* **TASK INSTRUCTIONS**
Only one stretch of the data should be retyped: the lines from the line containing "You Can Do Anything" through the line containing "Three French School". Keep pictures out of it.

* **INFORMATION PROVIDED**
═══
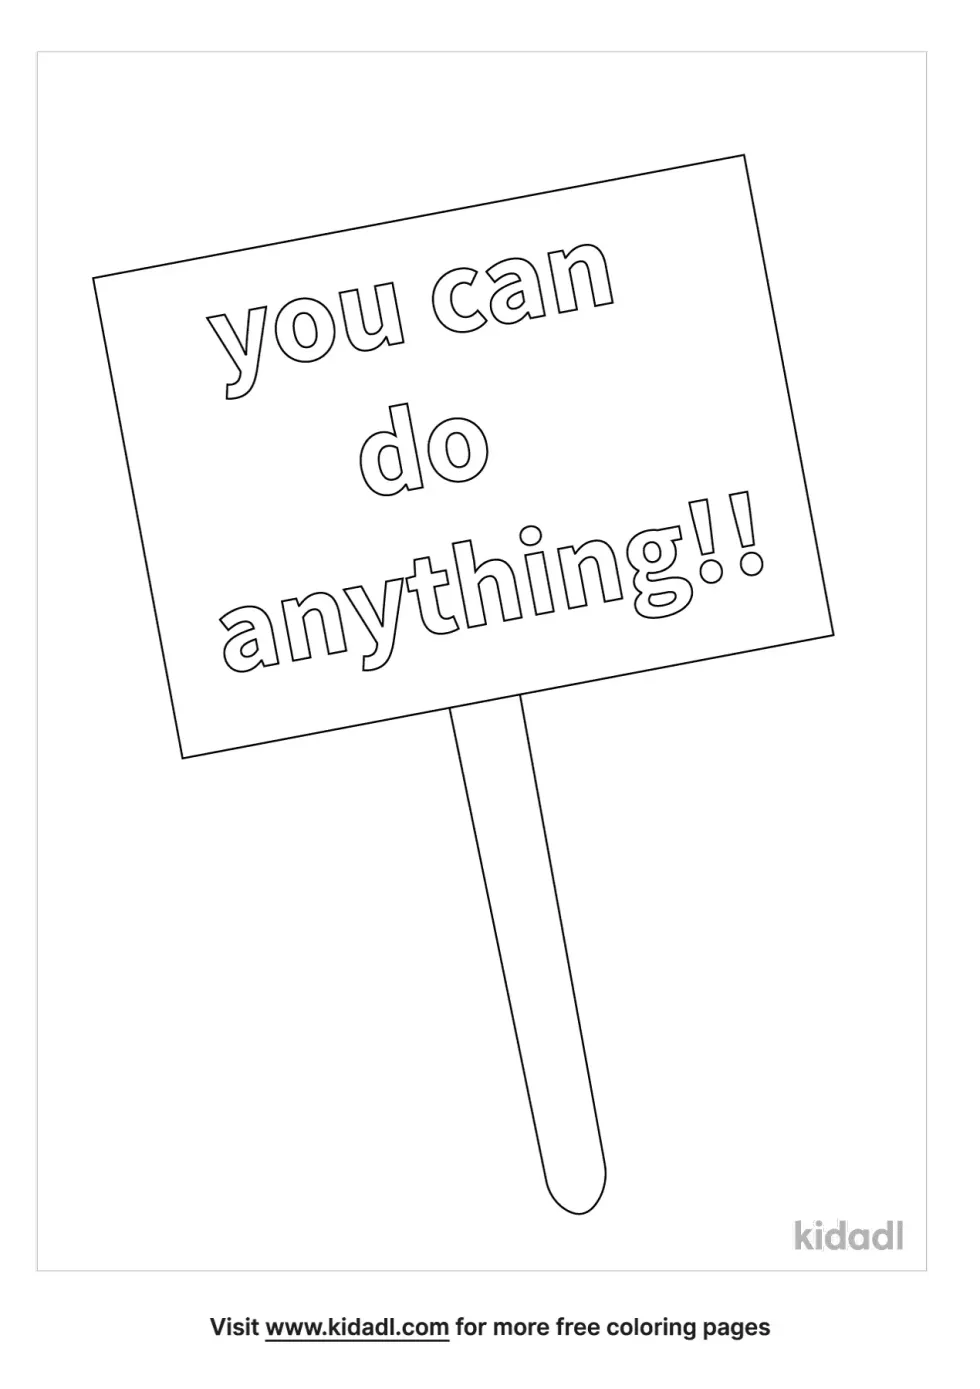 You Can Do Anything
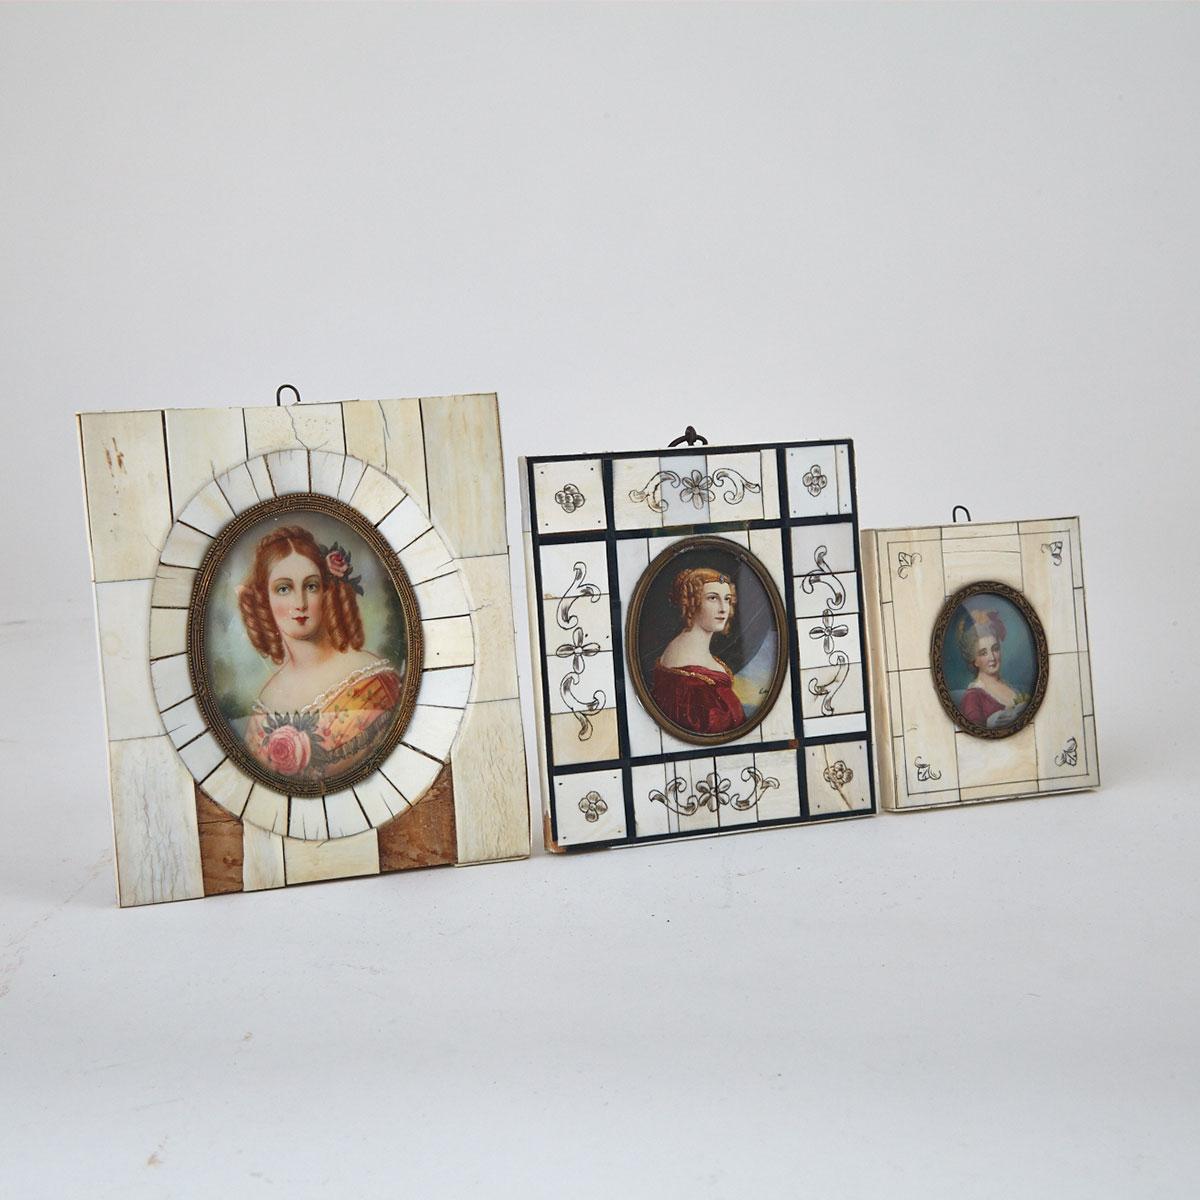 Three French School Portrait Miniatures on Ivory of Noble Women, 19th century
═══
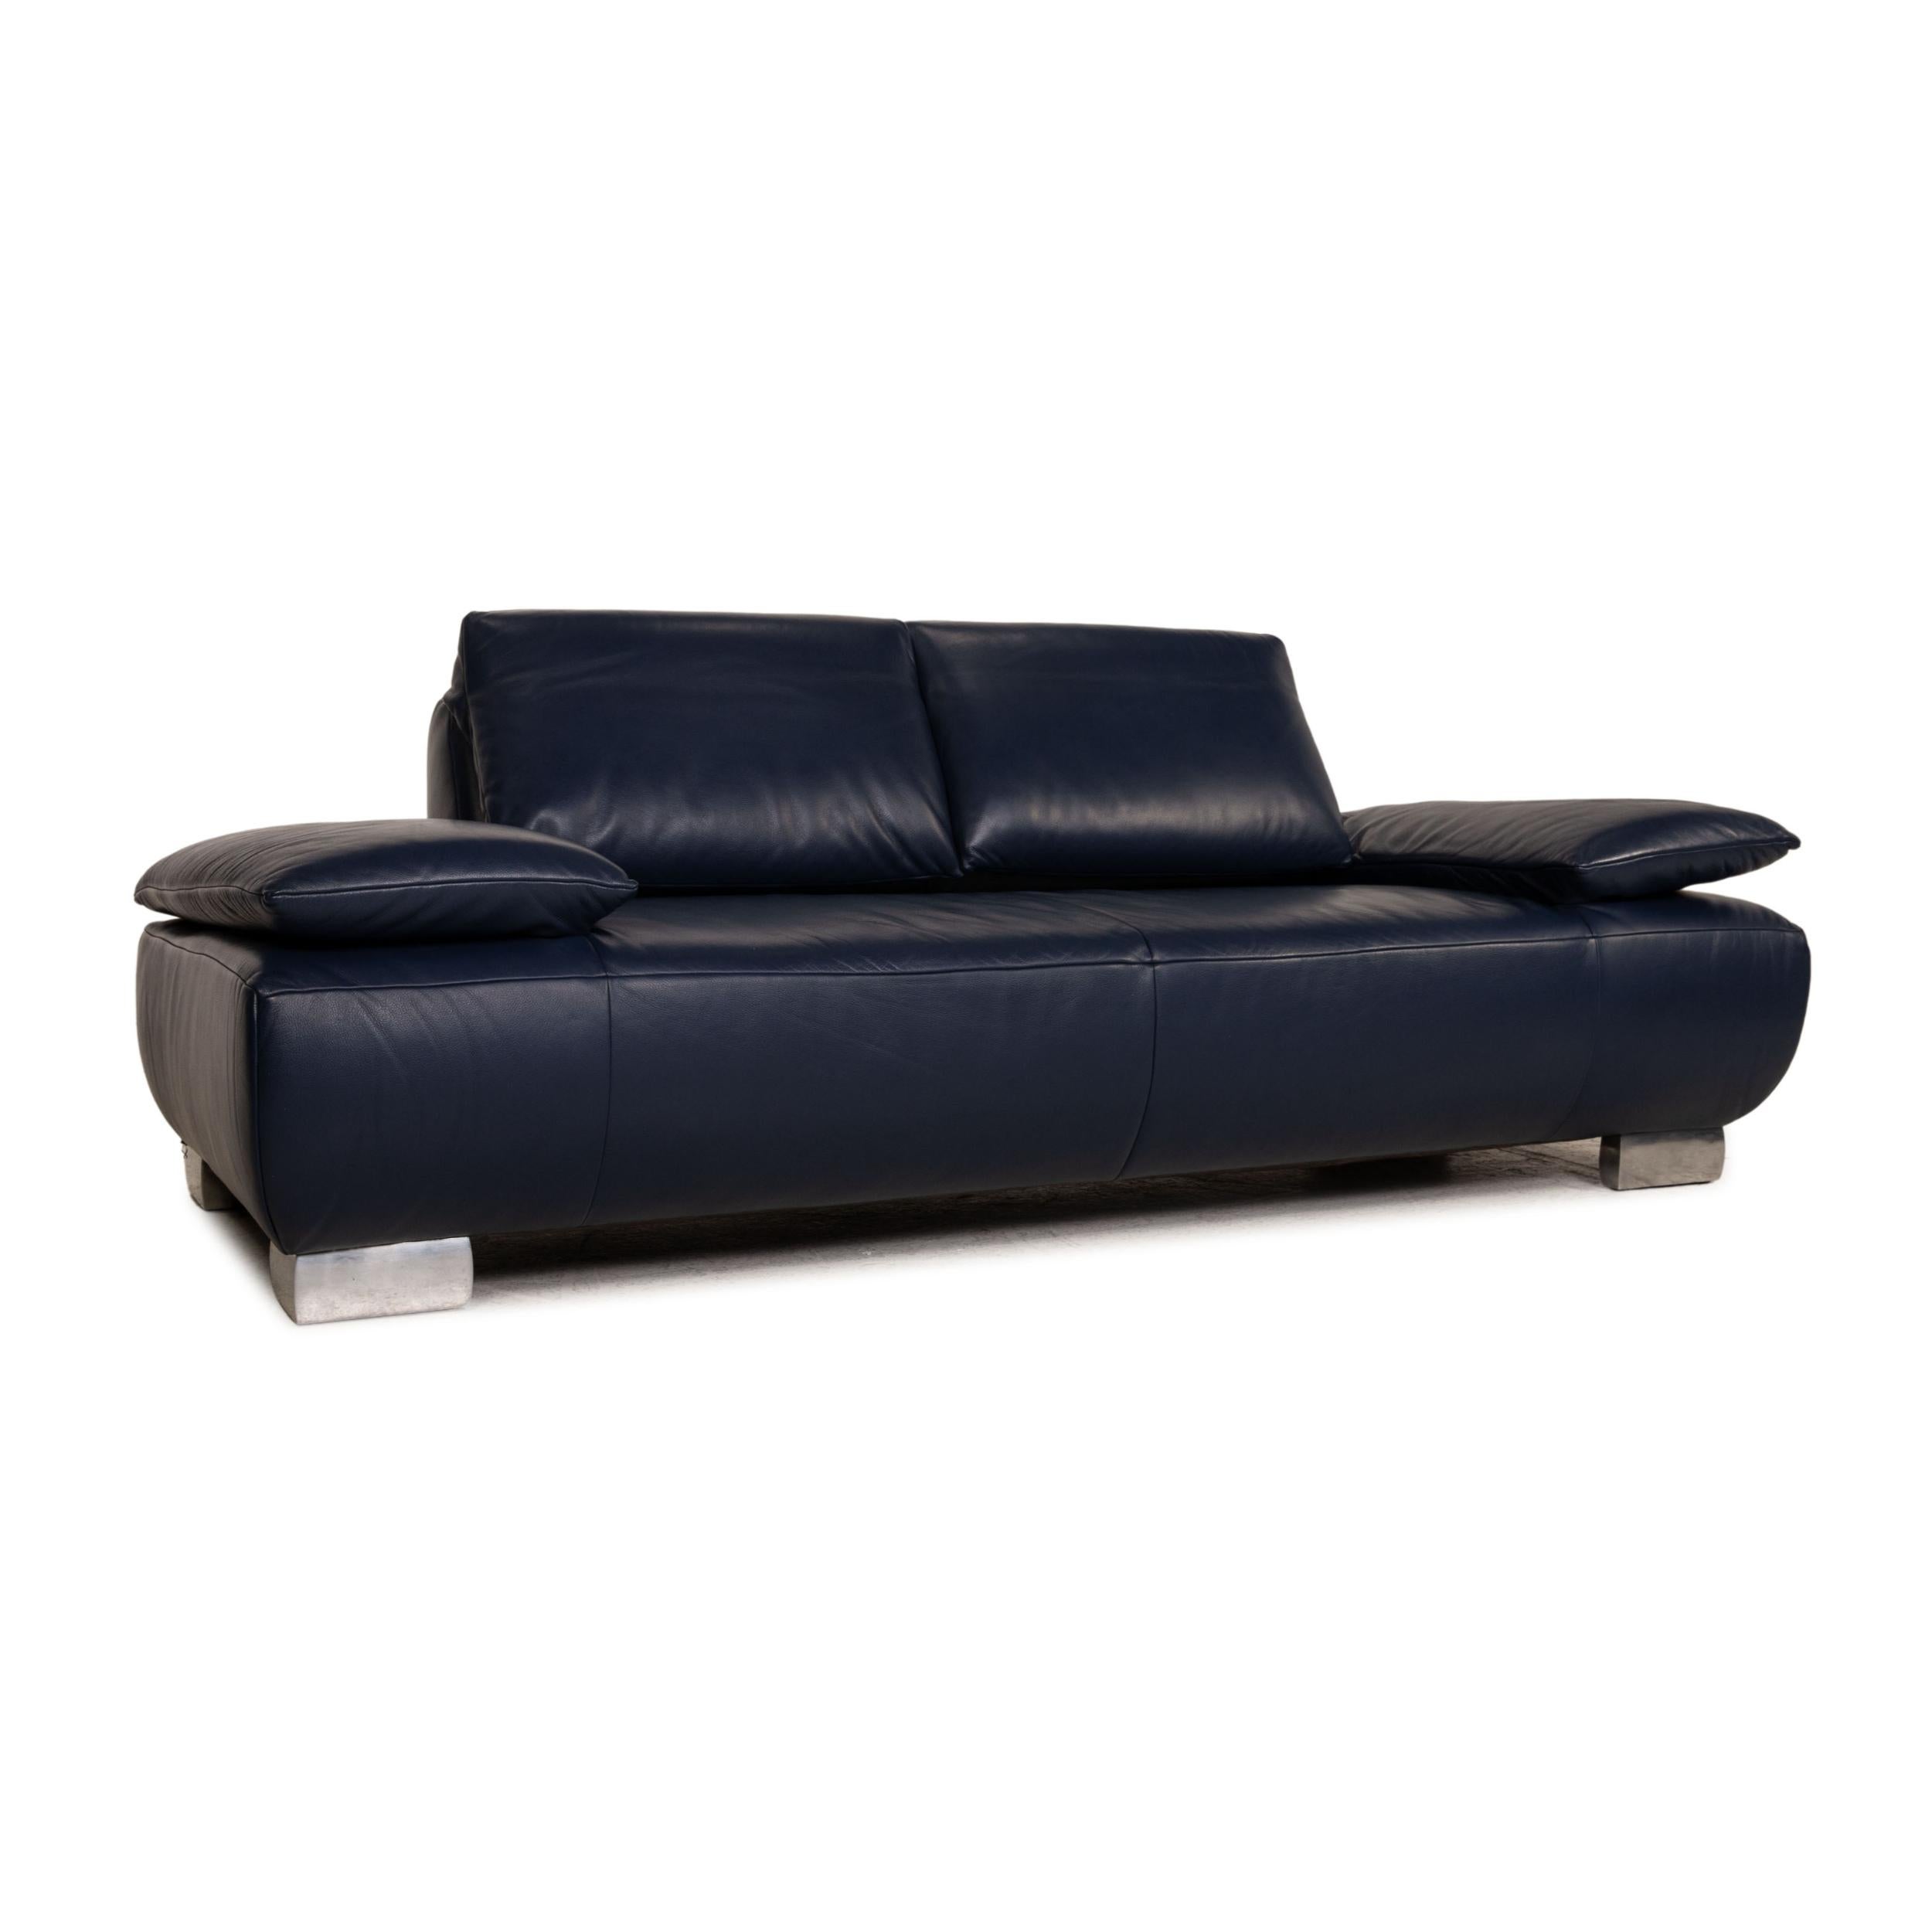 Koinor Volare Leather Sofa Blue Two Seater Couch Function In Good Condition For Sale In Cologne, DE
═══
* **SOLUTION FOR THIS TASK**
 You Can Do Anything
 Three French School Portrait Miniatures on Ivory of Noble Women, 19th century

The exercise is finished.